I love love love love Miller. I think you'll fall in love with it or hate it with a passion; it doesn't seem to invoke a middle ground.
_luaineach From: _luaineach Date: February 1st, 2006 04:49 pm (UTC) (LINK TO SPECIFIC ENTRY)
I like to read these posts. They make me feel like I'm taking a correspondence course, which is a nice radical mindshift from a day of Yu Gi Oh and Mousetrap.
cbertsch From: cbertsch Date: February 1st, 2006 05:11 pm (UTC) (LINK TO SPECIFIC ENTRY)
Thanks! I'm suffering from some sort of boundary dissolution that makes me all of a sudden willing to share aspects of my daily life that I have kept separate from my LJ existence. Maybe it's the fact that I know I'm being read by students taking the class.

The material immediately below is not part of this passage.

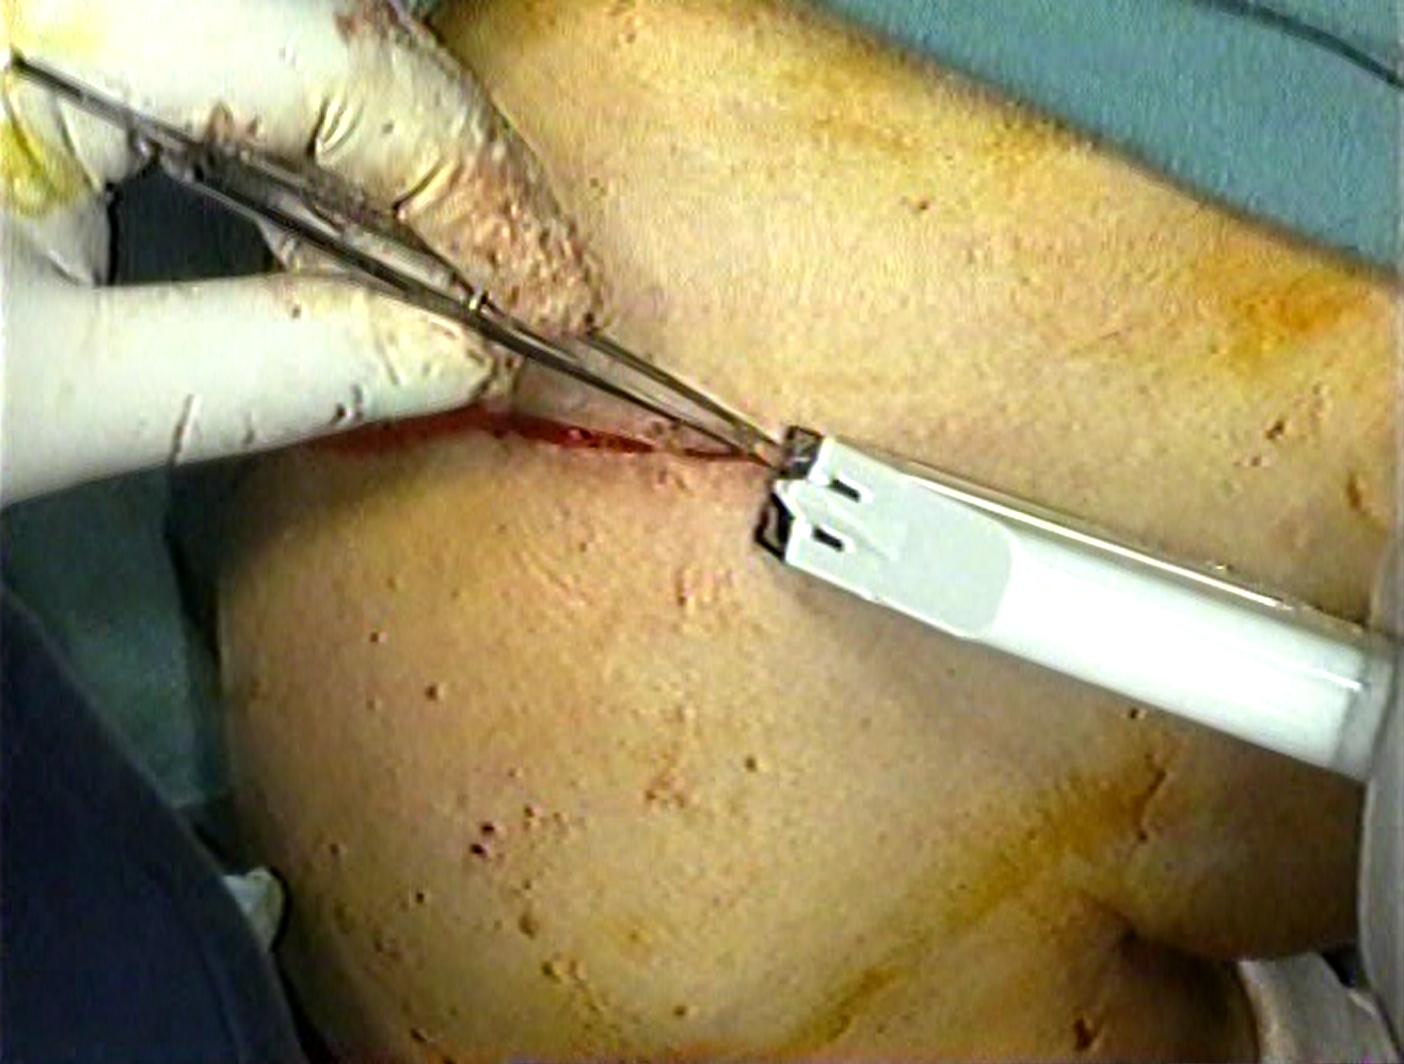 【閲覧注意】鎖骨外端骨折のオペ動画

There's also the chance that I might trick my partner into reading passages from the novel and discovering that she likes them. I've already insinuated my taste for Pavement into her iPod Shuffle playlists so effectively that she's freely admitting to liking some of their songs instead of maintaining that pose of studied indifference she cultivated for so long. . . :-)

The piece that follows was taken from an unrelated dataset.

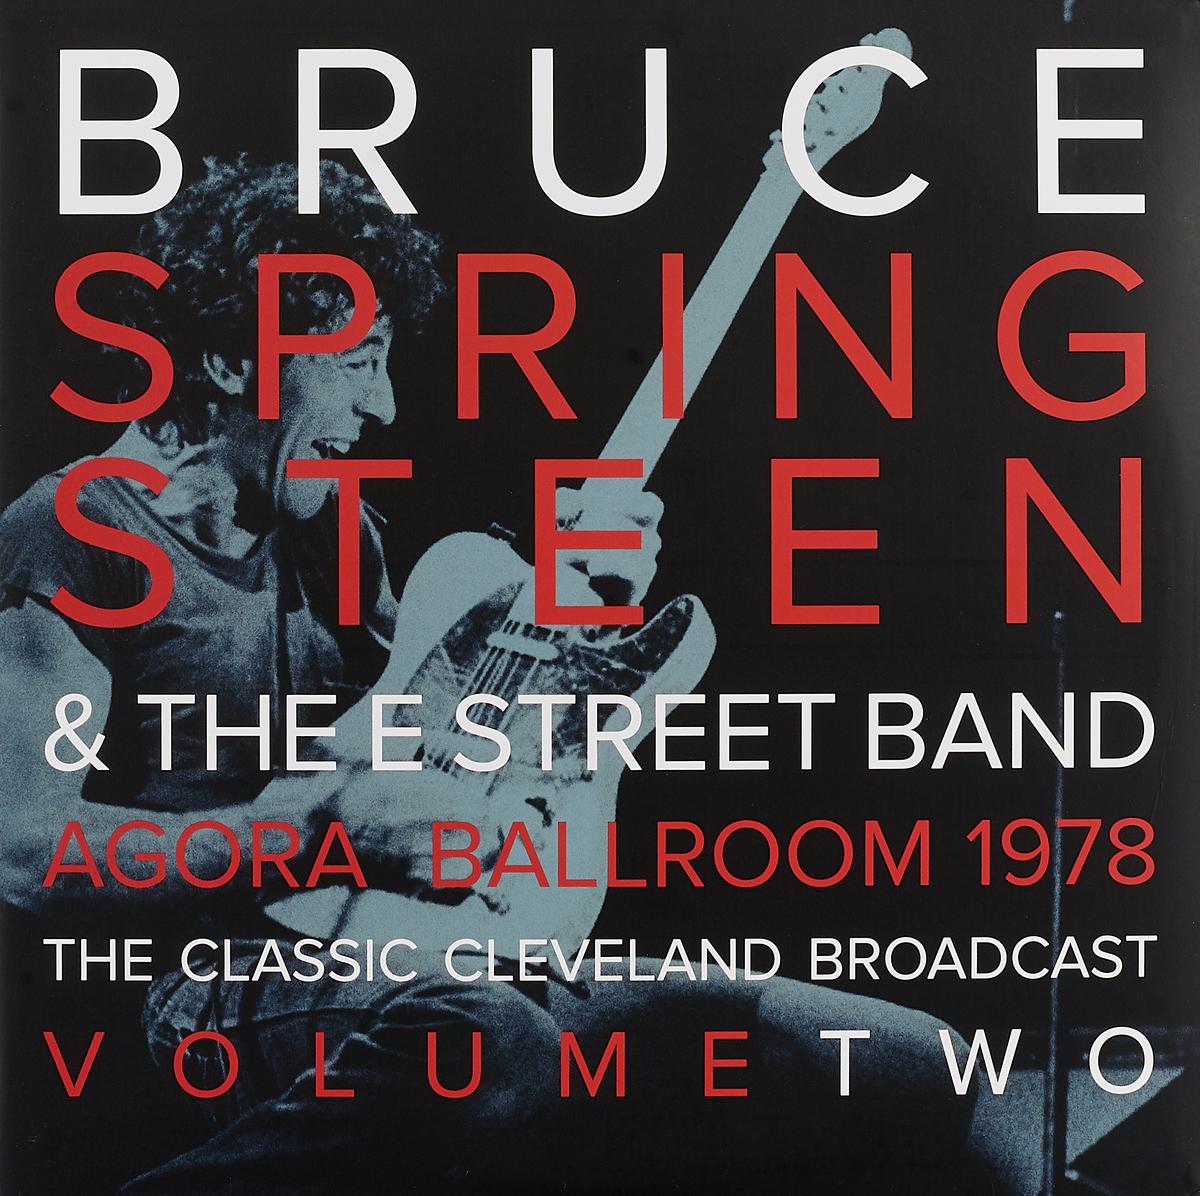 Брюс Спрингстин Bruce Springsteen & The E-Street Band. Agora Ballroom 1978 - The Classic Cleveland Broadcast Volume Two (2 LP) брюс спрингстин bruce springsteen passaic night 1978 the classic new jersey broadcast volume two 2 lp

Maybe I'll keep this up for other books.
From: bobo_amargo Date: February 2nd, 2006 09:22 pm (UTC) (LINK TO SPECIFIC ENTRY)

Senses of Endings

Though I think your suggestion that Pynchon might have been suspicious of the classic expression of the Oedipus complex is probably on the right track, I resist the notion that he'd've endorsed -- or endorses -- the idea of salutary schizophrenia.

First of all, notice how D & G say, "we no longer believe . . . ," implying that the epoch of endings has come to an end. If you don't believe that the concept of endings has further sway, then you can't live in an era of no endings because that era is, as they intimate, inherently connected to the by-gone era of endings. Even if you embrace the paradox (as they doubtless would), you have to embrace with it the recurring appetite for endings.

Second, I think we tend, in discussing closure, to commit what Peter Geach used to call the quantifier-shift fallacy. We tend, that is, to move FROM the argument that for every narrative, there's an ending such that that narrative will come to it ([x][Ey] [Fxy]) TO the argument that there's an ending such that every narrative will come to it ([Ey][x][Fxy]). If we don't commit this fallacy, then all we're committing ourselves to when we yield to our appetite for an ending is, I would say, a satisfaction of a limited, partial (you might even say, fragmentary) sort -- a satisfaction that is analytically built in to the concept of story-telling in the first place.